* Directions:
Reproduce the whole listing below without its pictures, exactly as written.

··· Data extract

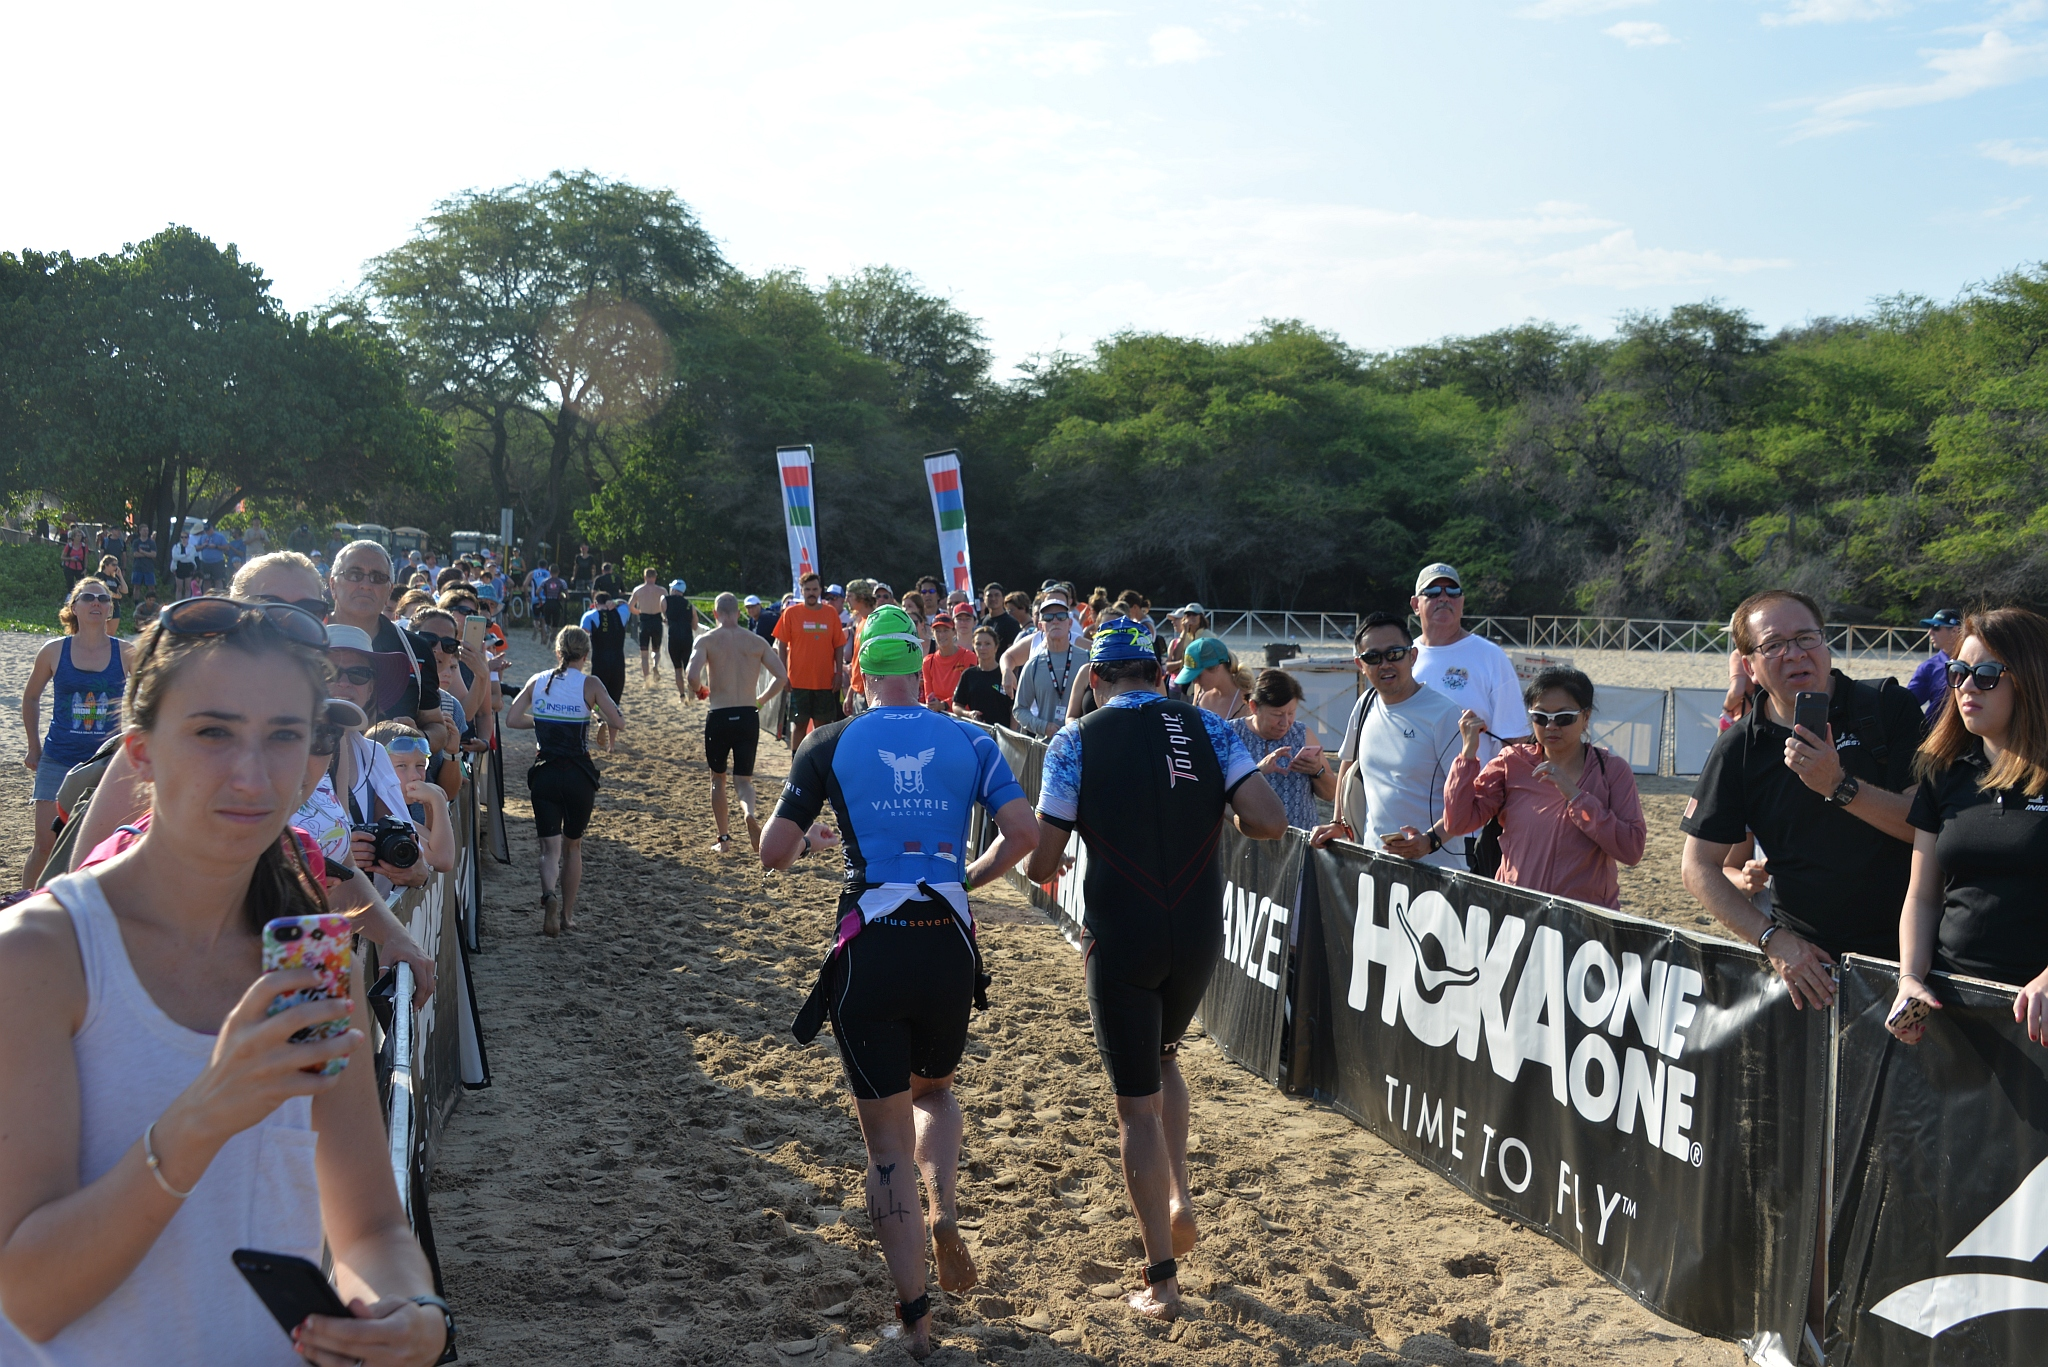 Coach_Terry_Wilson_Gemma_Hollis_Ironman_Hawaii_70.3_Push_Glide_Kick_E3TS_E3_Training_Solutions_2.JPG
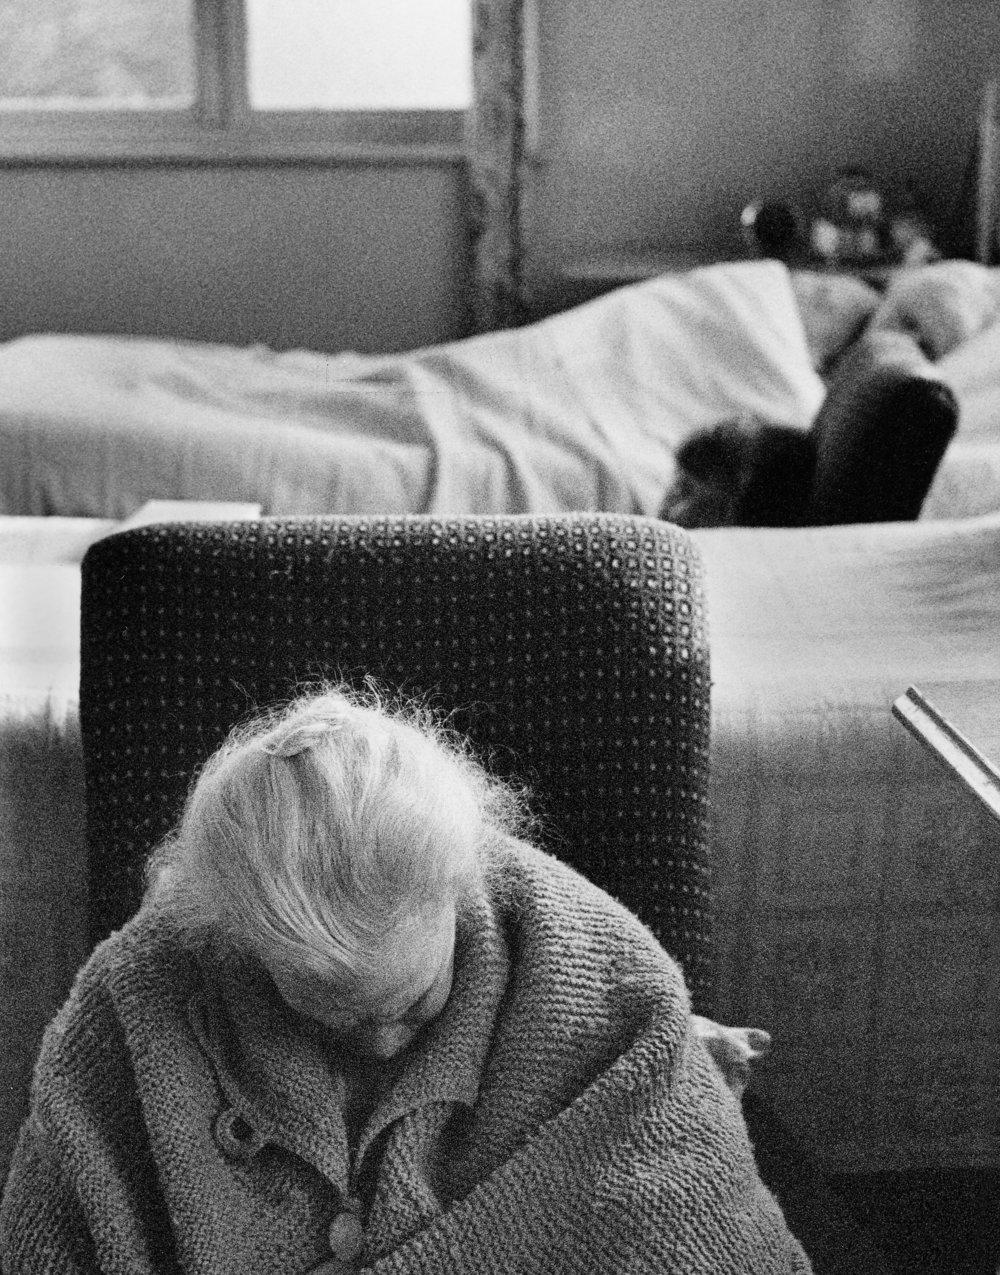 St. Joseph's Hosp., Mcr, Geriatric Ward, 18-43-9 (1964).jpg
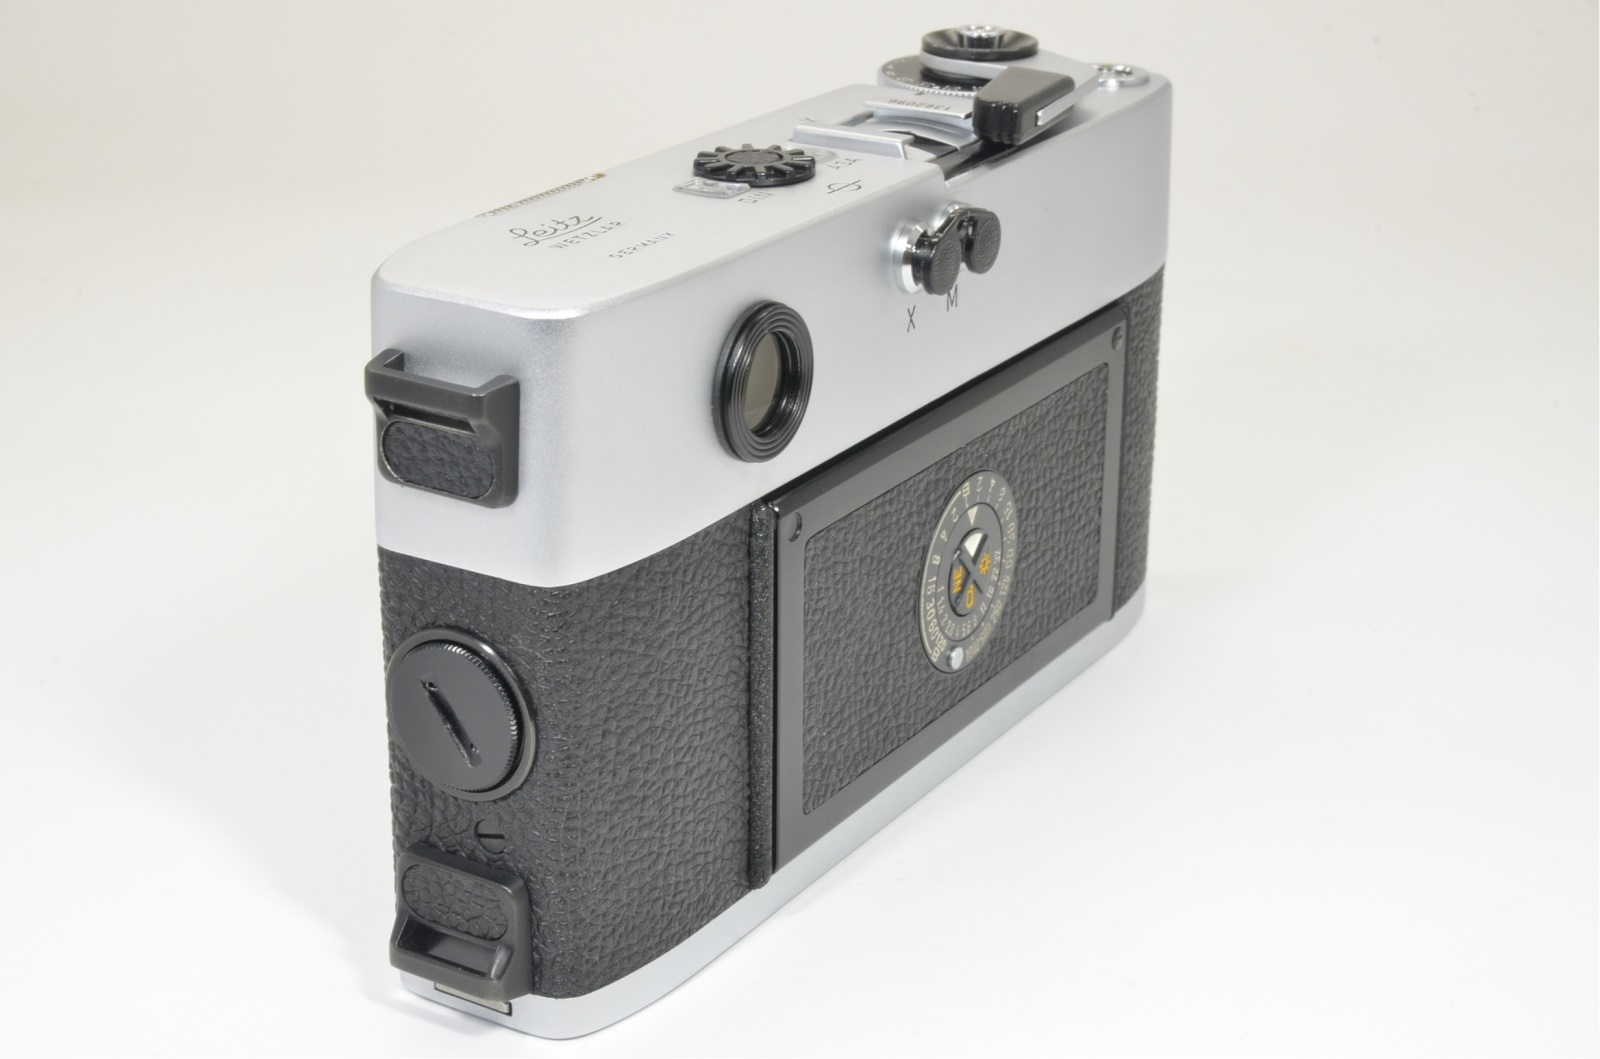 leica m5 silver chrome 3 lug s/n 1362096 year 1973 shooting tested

······

* Answer:
 Coach_Terry_Wilson_Gemma_Hollis_Ironman_Hawaii_70.3_Push_Glide_Kick_E3TS_E3_Training_Solutions_2.JPG
 St. Joseph's Hosp., Mcr, Geriatric Ward, 18-43-9 (1964).jpg
 leica m5 silver chrome 3 lug s/n 1362096 year 1973 shooting tested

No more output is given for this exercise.